Start of DATA BLOCK
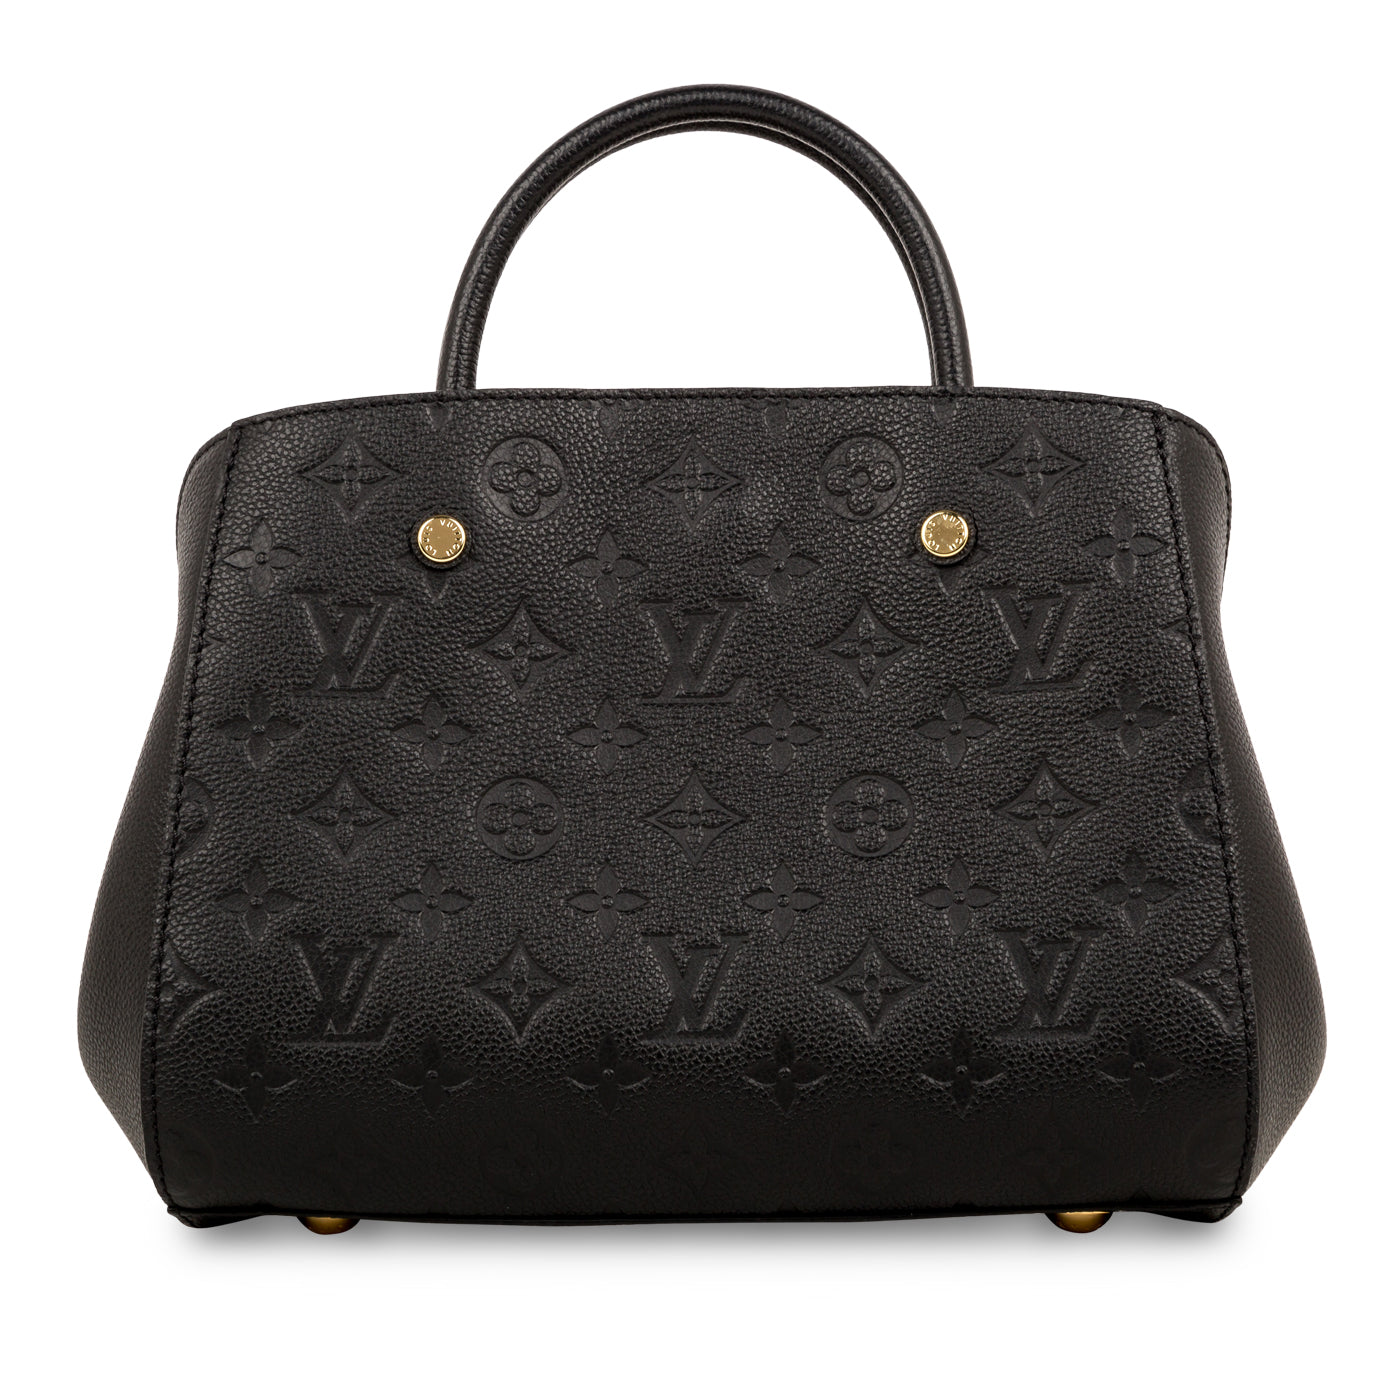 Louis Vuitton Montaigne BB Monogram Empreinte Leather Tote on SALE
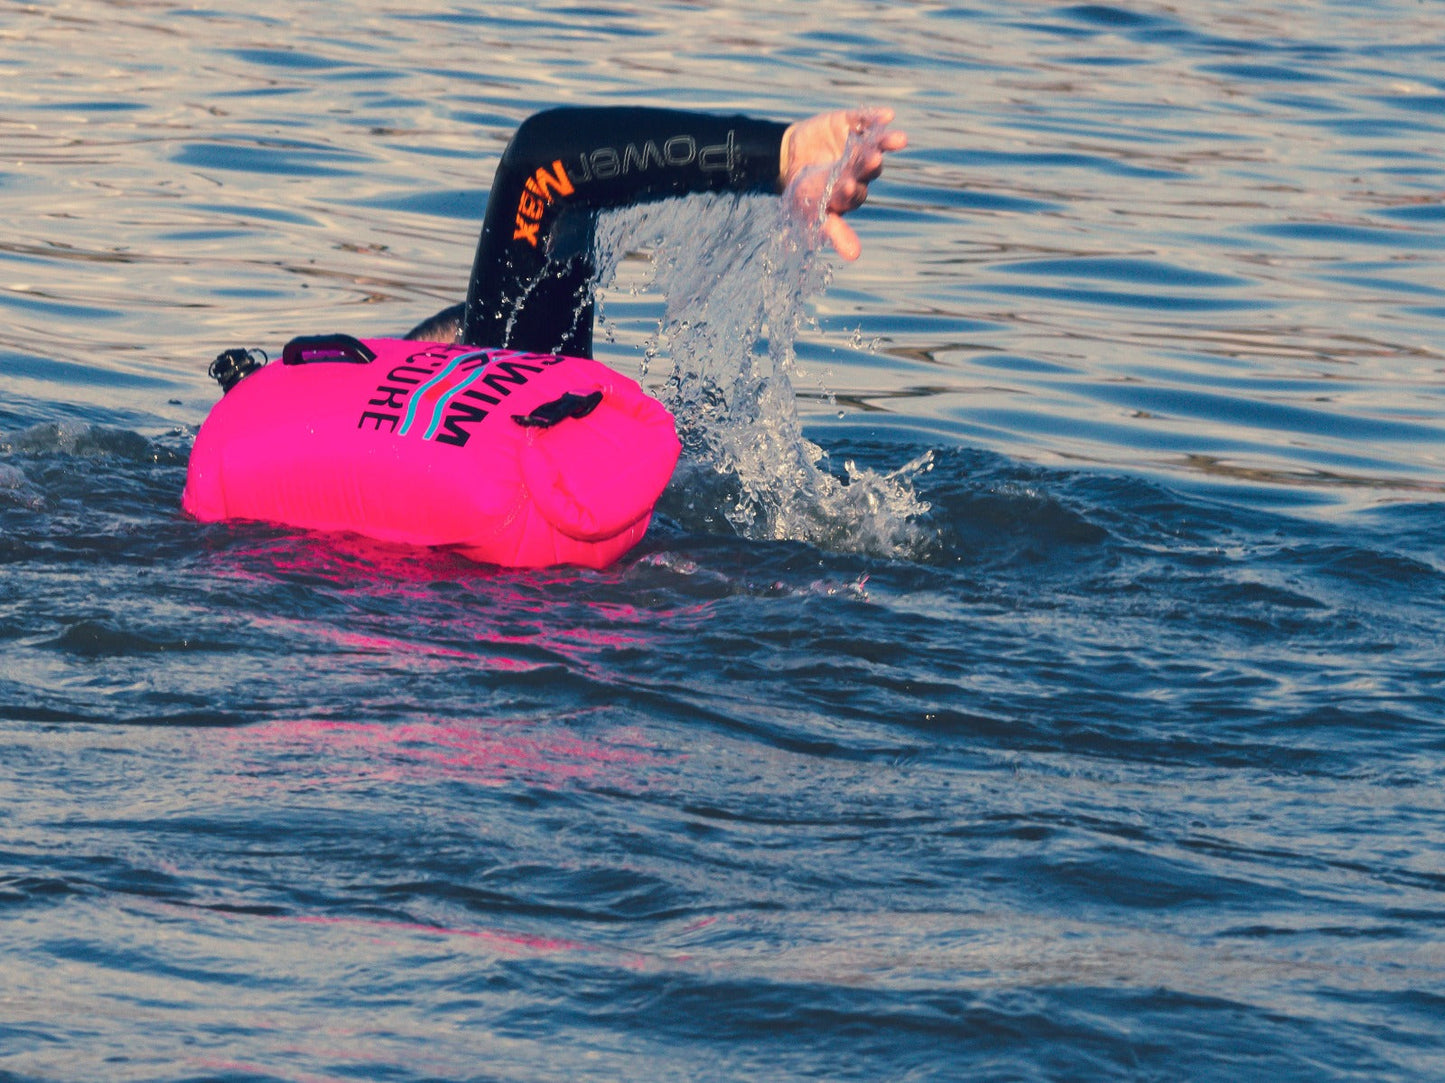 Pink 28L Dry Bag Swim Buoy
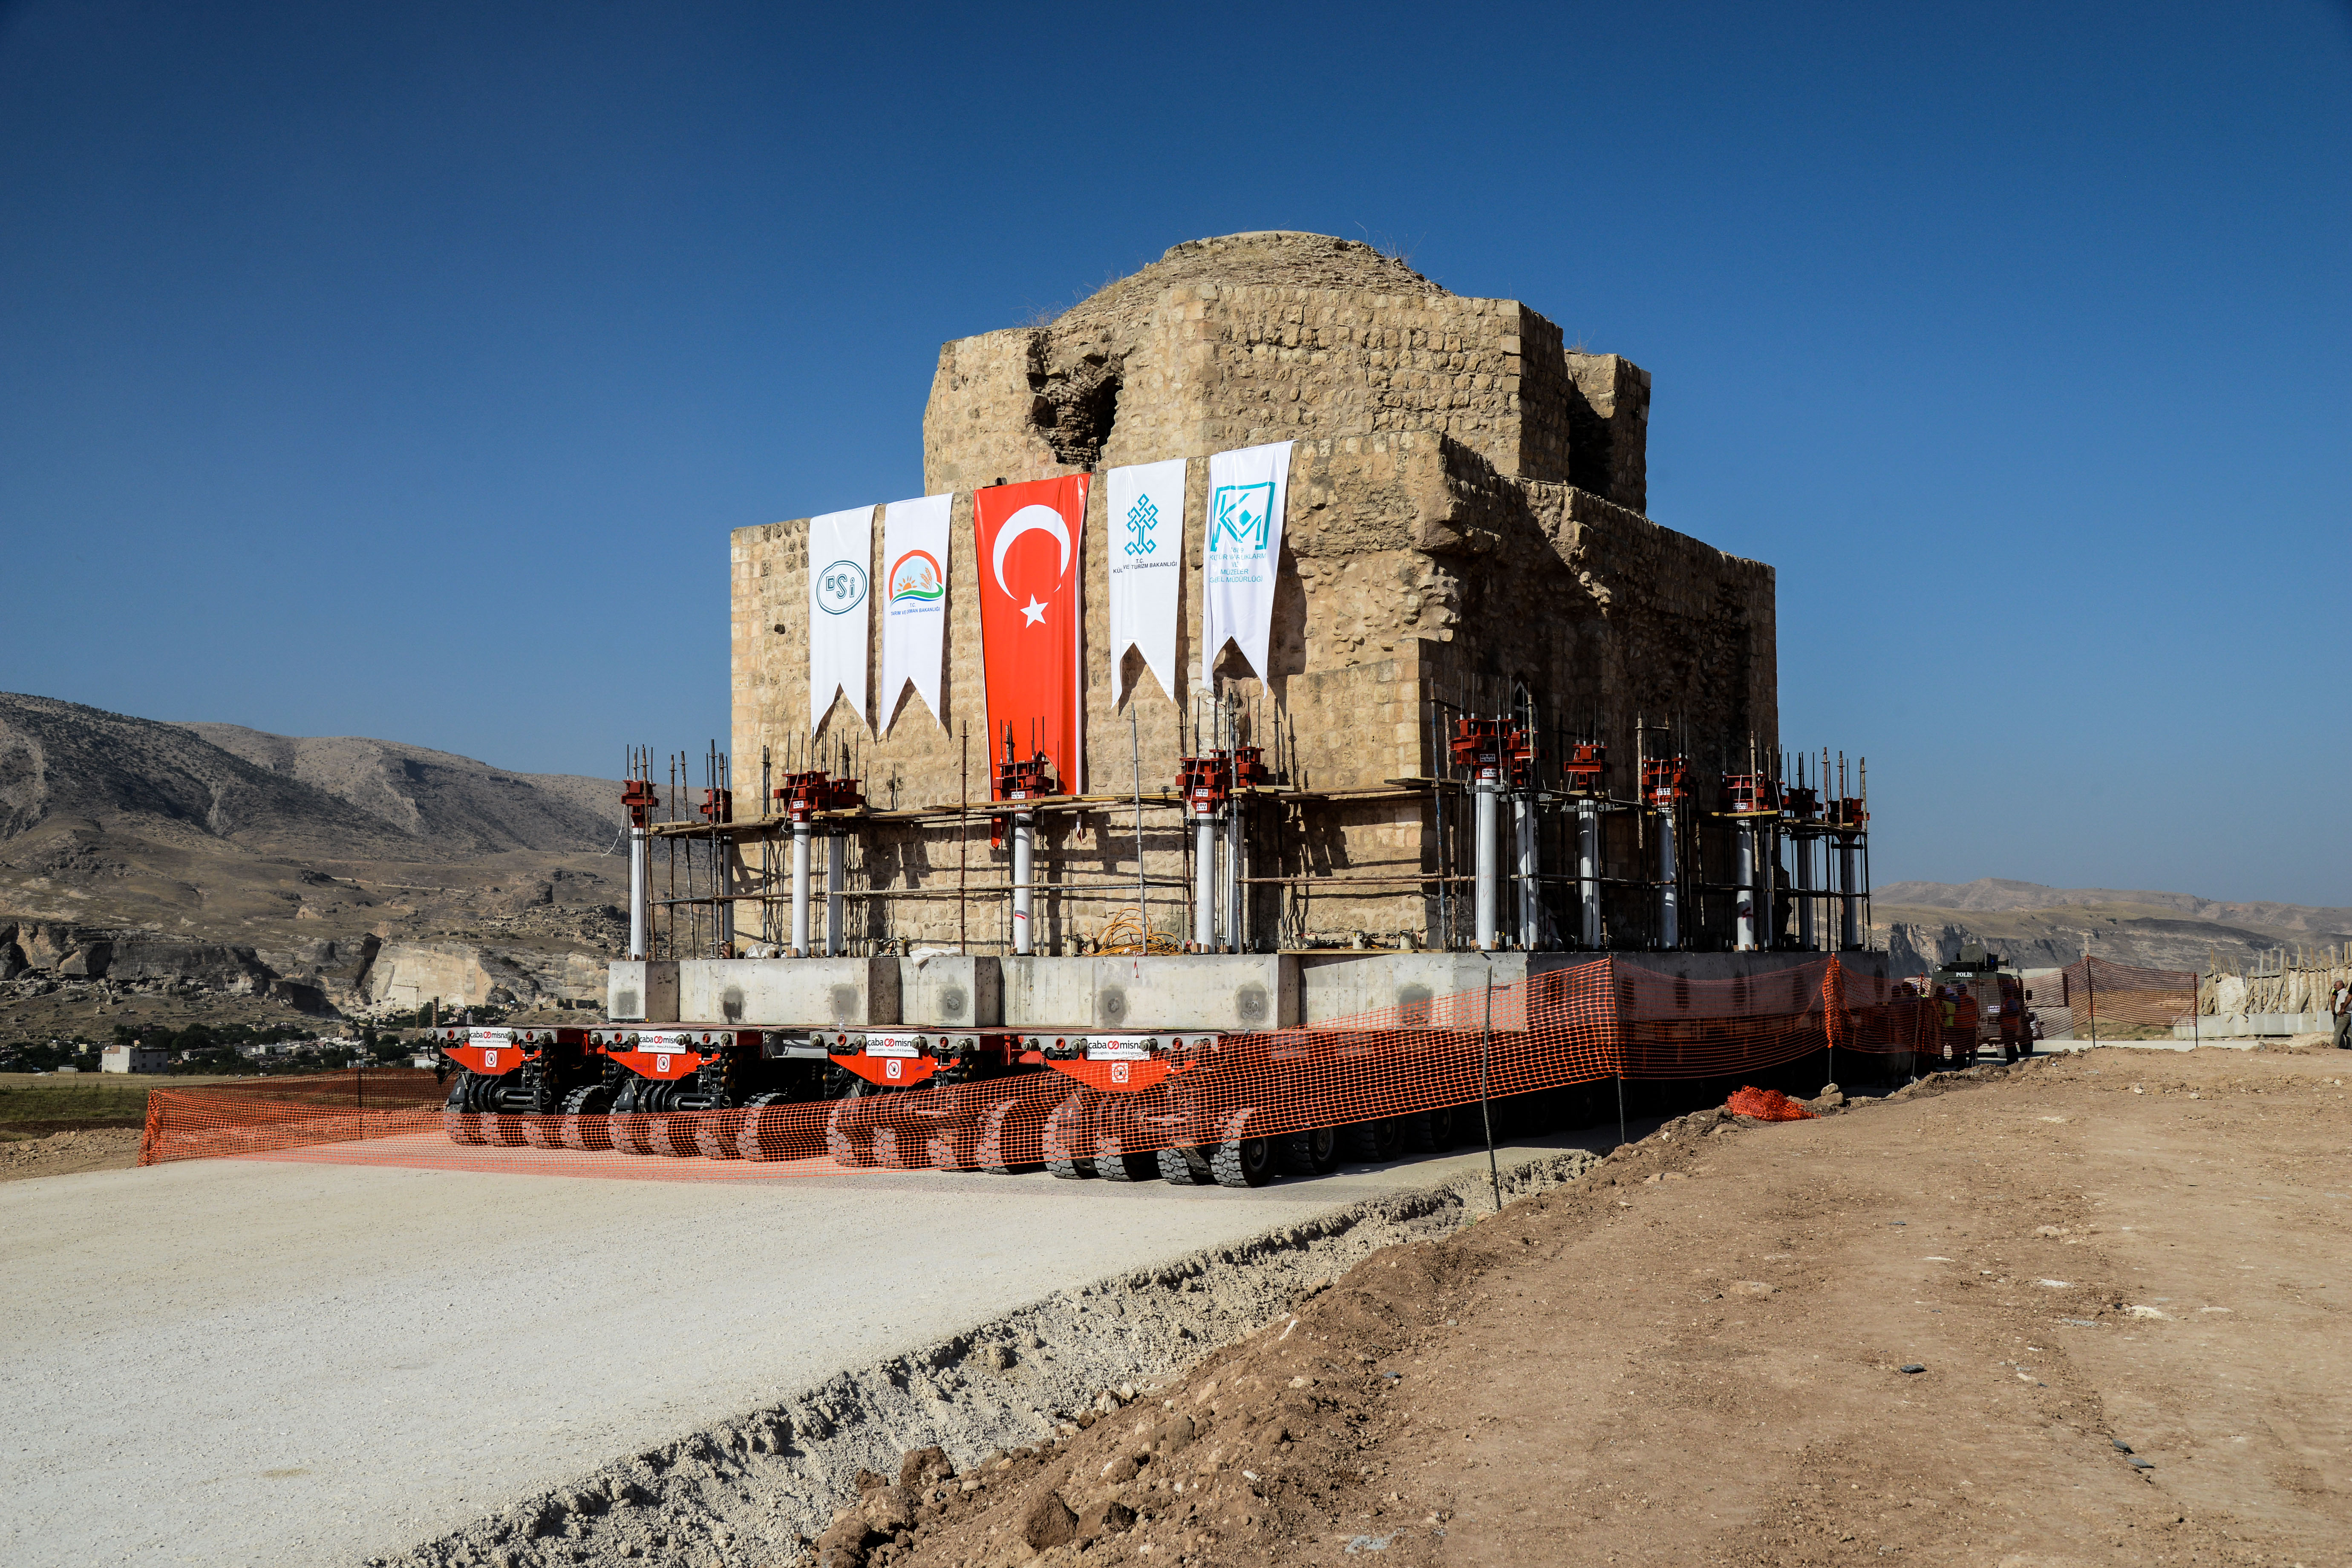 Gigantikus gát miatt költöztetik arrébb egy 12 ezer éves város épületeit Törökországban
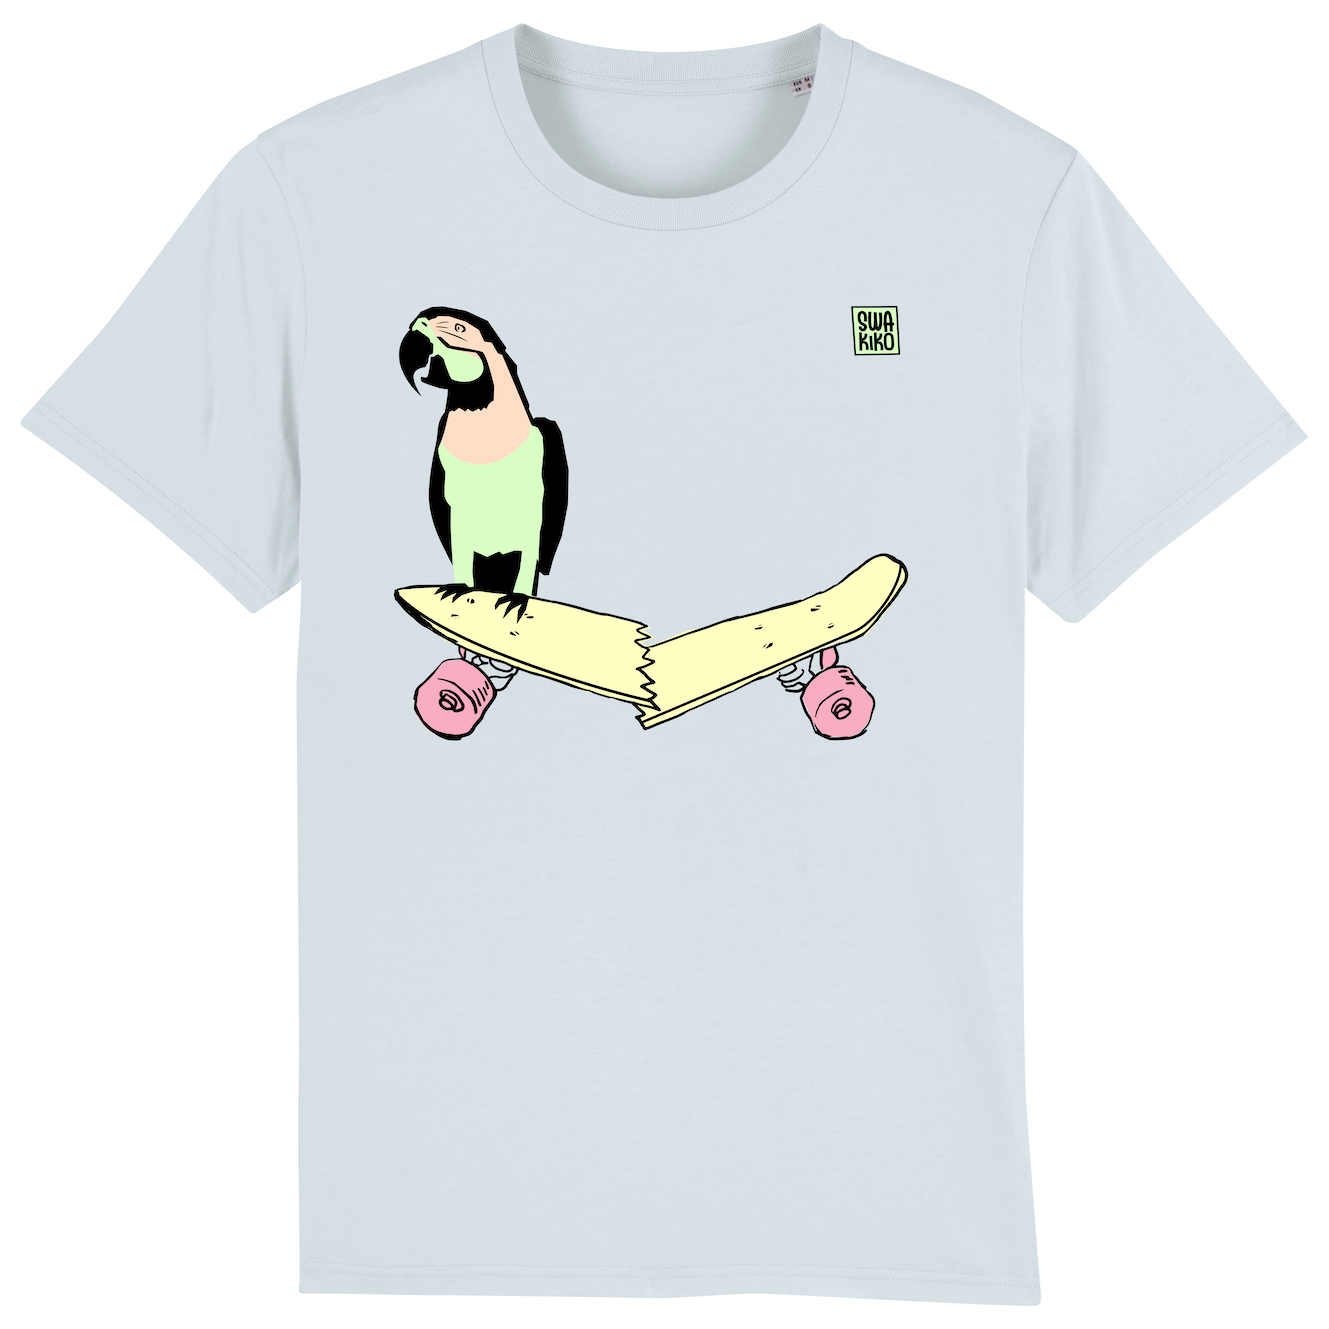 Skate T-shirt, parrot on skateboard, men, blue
End of DATA BLOCK
**AIM OF THE TASK:** Print all of the material exactly. Omit pictures.

**RESPONSE:**
 Louis Vuitton Montaigne BB Monogram Empreinte Leather Tote on SALE
 Pink 28L Dry Bag Swim Buoy
 Gigantikus gát miatt költöztetik arrébb egy 12 ezer éves város épületeit Törökországban
 Skate T-shirt, parrot on skateboard, men, blue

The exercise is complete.